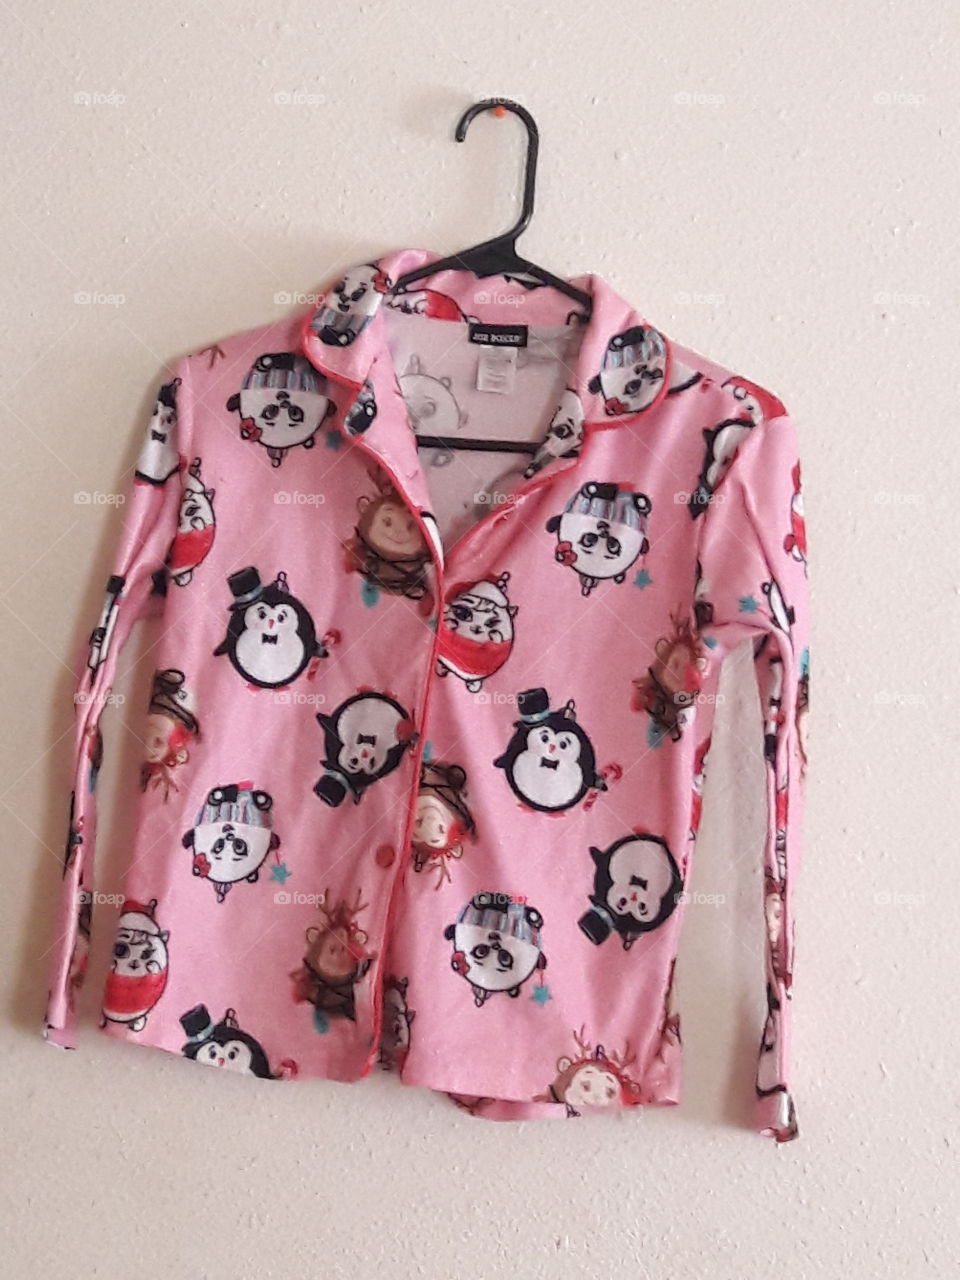 Girl's pink flannel pajama top with animal pattern hung up.
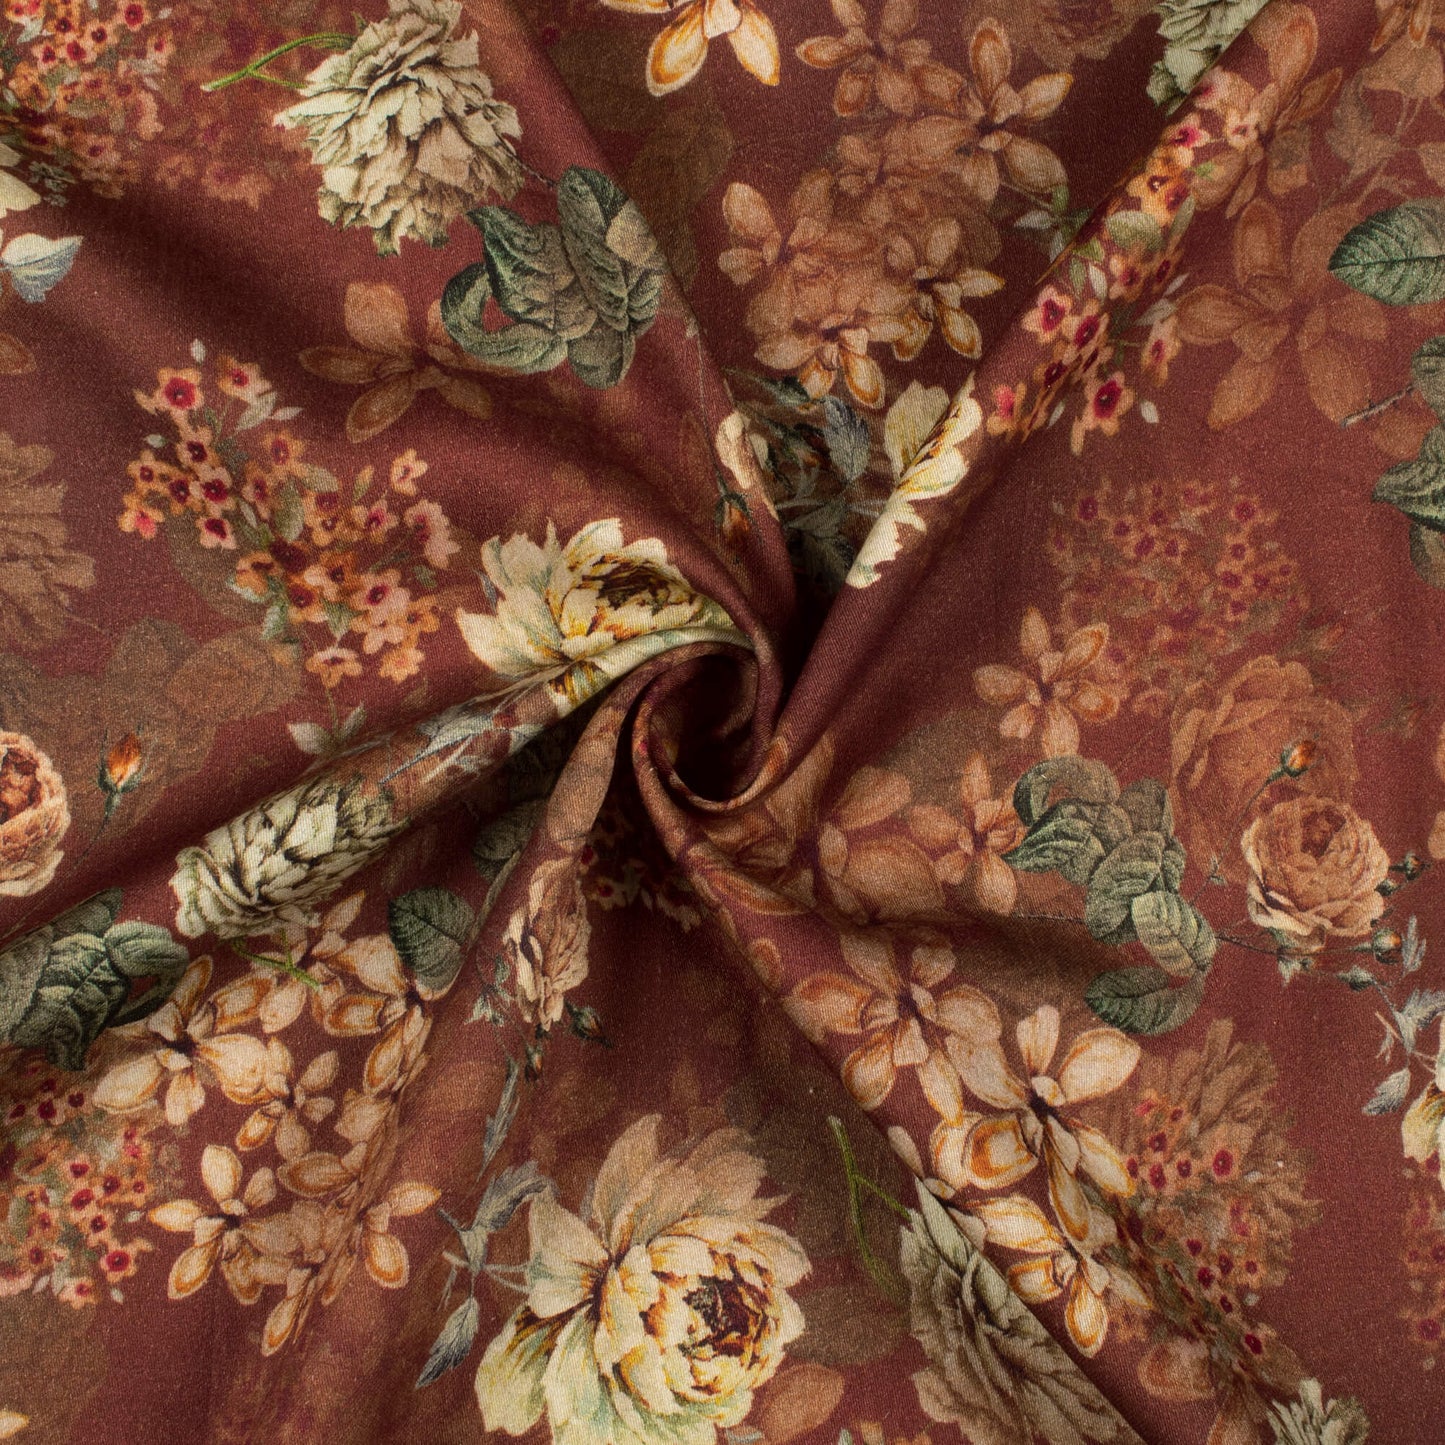 Caramel Brown And Peach Floral Digital Print Viscose Rayon Fabric(Width 58 Inches)
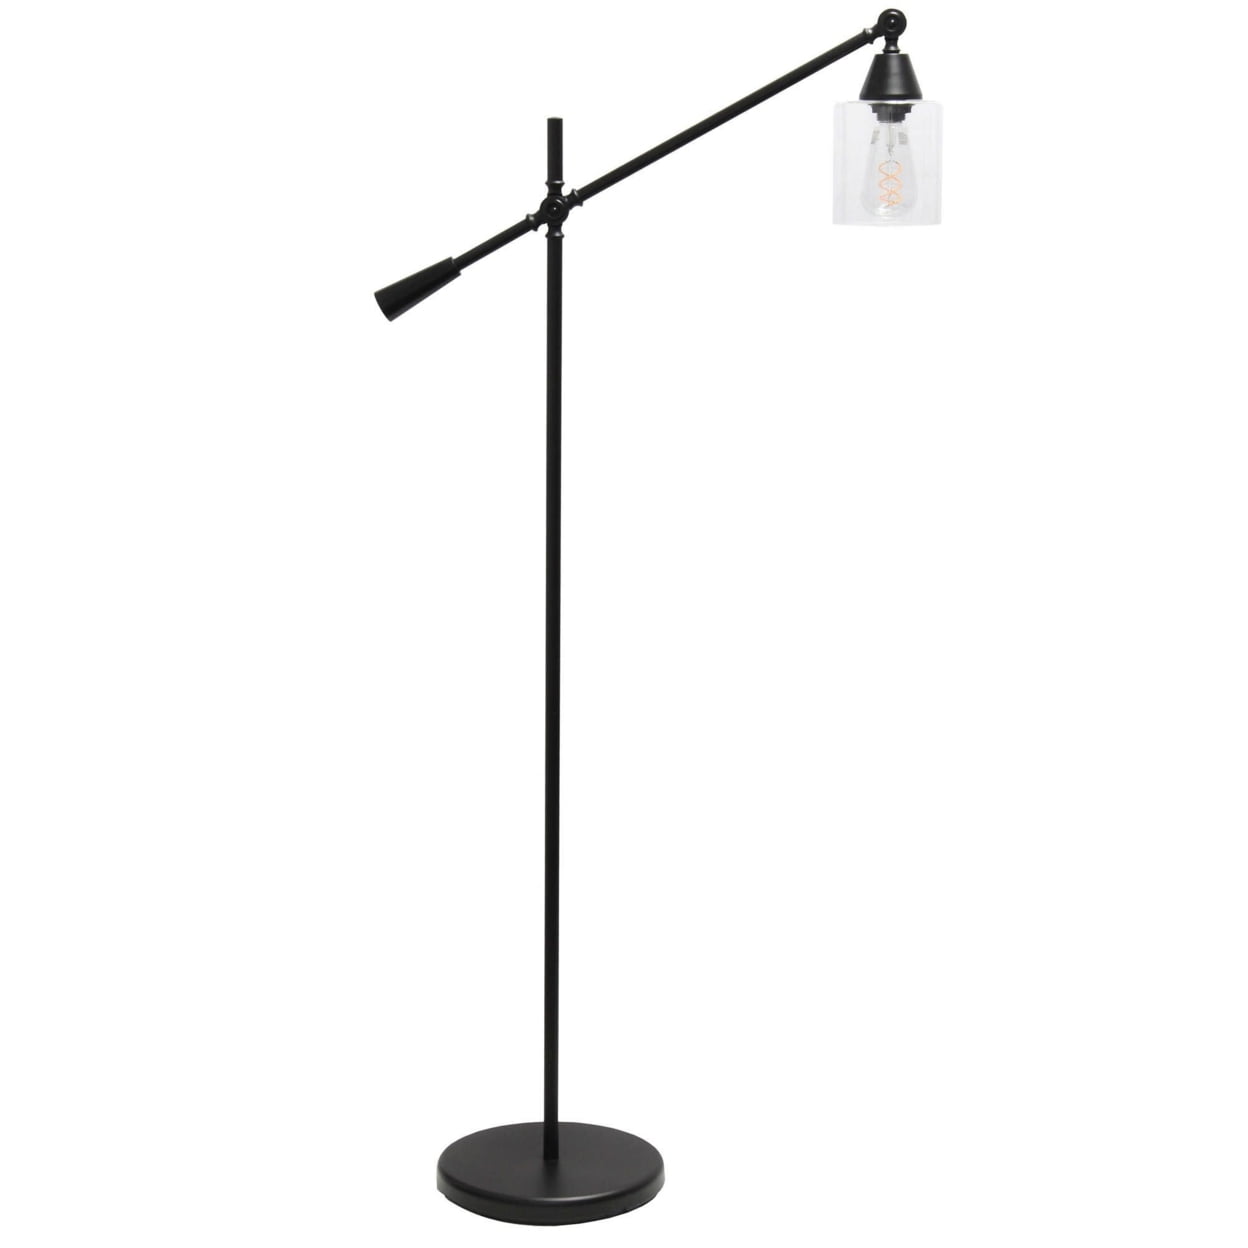 Picture of Elegant Designs Pivot Arm Floor Lamp with Glass Shade

_Activity_: Only the pictures should be left out; the rest of the material above must be repeated exactly.

_Your response_:
 Girl's pink flannel pajama top with animal pattern hung up.
 Caramel Brown And Peach Floral Digital Print Viscose Rayon Fabric(Width 58 Inches)
 Picture of Elegant Designs Pivot Arm Floor Lamp with Glass Shade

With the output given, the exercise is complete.